Рощин любил вот так рассуждать, казалось бы, ни над чем. Цеплялся, как паук, за край паутинки и плел из нее сложную сеть. Путаясь, а чаще запутываясь, в нее попадали другие мысли и образы. Все зависело от настроения.

Высыпав в кофейник ложку молотого кофе, Борис снял его с плиты и пошел одеваться. Оросив себя дезодорантом с терпким запахом лимона и кориандра, надел майку, белоснежную рубашку, длинные, больше похожие на гольфы, черные носки. Поставив ритмичную вещь «You Are Love» группы «Lovetronic», сделал первый глоток крепкого кофе. Сколько помнил себя, всегда любил электронную музыку и хороший женский вокал, а в последнее время — в меру синтезированный голос. Наверное, и оттого, что не хотел вслушиваться в слова, понимать их смысл не ушами, а телом, которое, как нейтрино, подвергалось размеренной мелодической бомбардировке. «А вы ноктюрн сыграть смогли бы на флейте водосточных труб?»

Сегодня он не планировал встречу с бойфрендом, но тот пришел, вызвал желание, съел апельсин, надкусил яблоко, запил бисквиты вином, игриво потрепал за щеку, подмигнул и удалился. Вообще же, возвращаясь к опыту, Рощин имел однополую связь пять раз.

Через час он предполагал встретиться с Зиновием Штерном. Штерн — сорокавосьмилетний обрюзгший тип с блеклыми сероватыми глазами и вечно мятыми полами пиджака — был доверенным лицом Антона Альбаца. В этот раз Рощин потребует за услуги большую сумму, ибо информация, которой он обладал, не только вызовет живейший интерес у Антона, но и насторожит его. Если не сказать больше.

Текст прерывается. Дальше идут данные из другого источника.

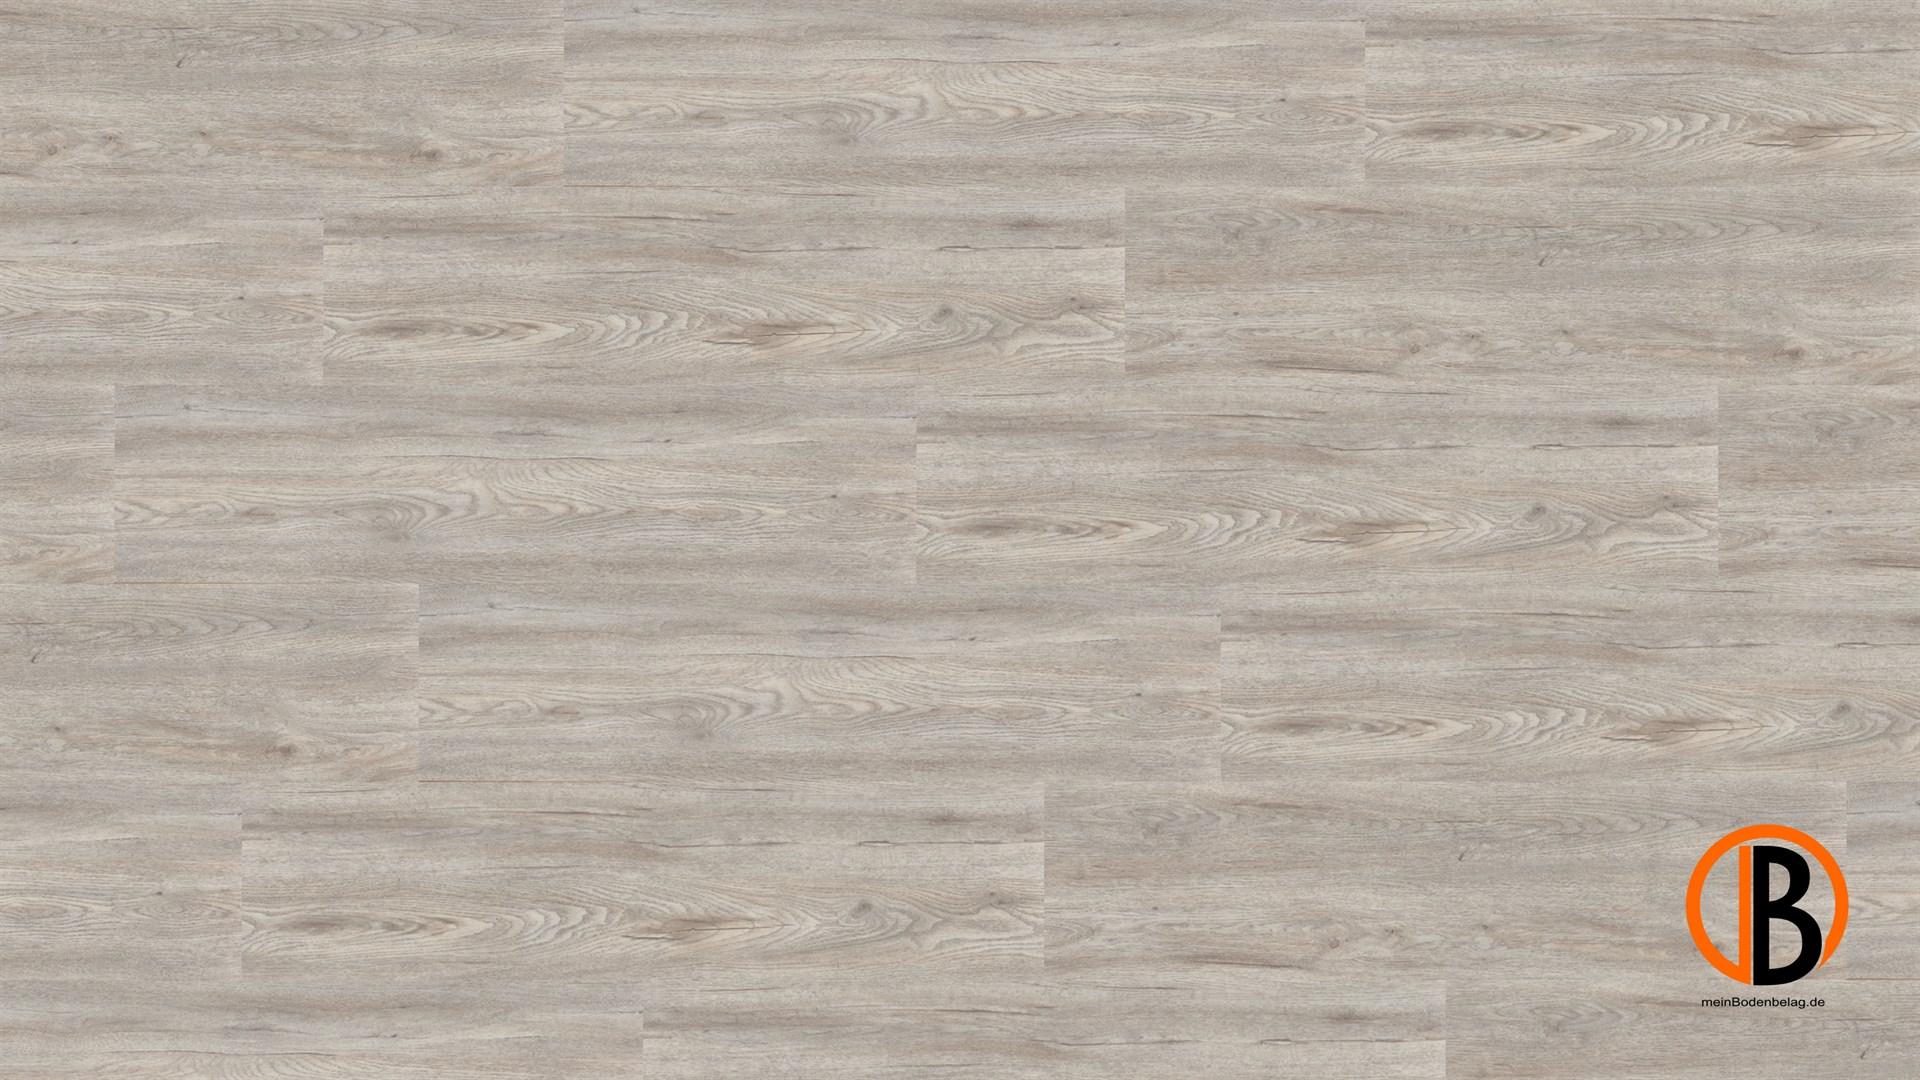 CINQUE KWG DESIGNERVINYL ANTIGUA CLASSIC SHEETS | 10000282;0 | Bild 1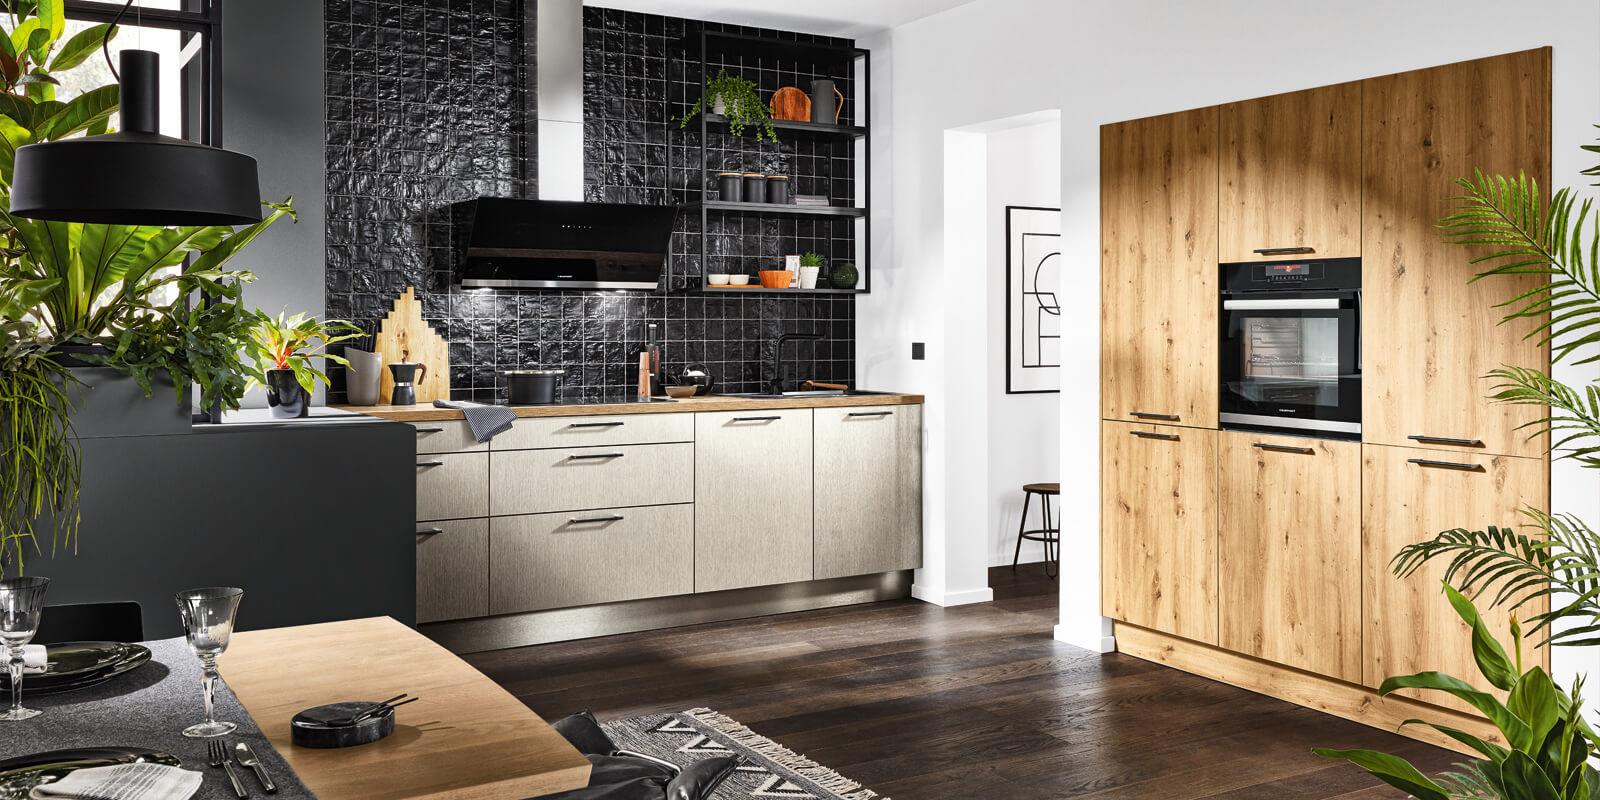 Full Size of Küche Finanzieren Möbel Boss Ikea Küche Finanzieren 0 Küche Finanzieren Student Küche Finanzieren 0 Prozent Küche Küche Finanzieren

Когда молодой вице-консул ютился в жилых помещениях посольства, он частенько поглядывал из окна на свой подержанный «Опель». Сейчас он, с мятым правым крылом — занесло на мокрой траве в парке, — стоял в гараже. Когда Борис вернется в Россию, купит более современную модель — например, «Вектру». Но полюбившейся марке не изменит. Отличная машина с легким ходом и управлением, со стремительными обводами капота и крыльев, не грузная с виду, как большинство «Мерседесов» и «БМВ».

На самом деле снимать отдельный дом в Дании — это не дорого, по карману оперативным сотрудникам разведки. У Рощина же не было семьи, все деньги он тратил на себя.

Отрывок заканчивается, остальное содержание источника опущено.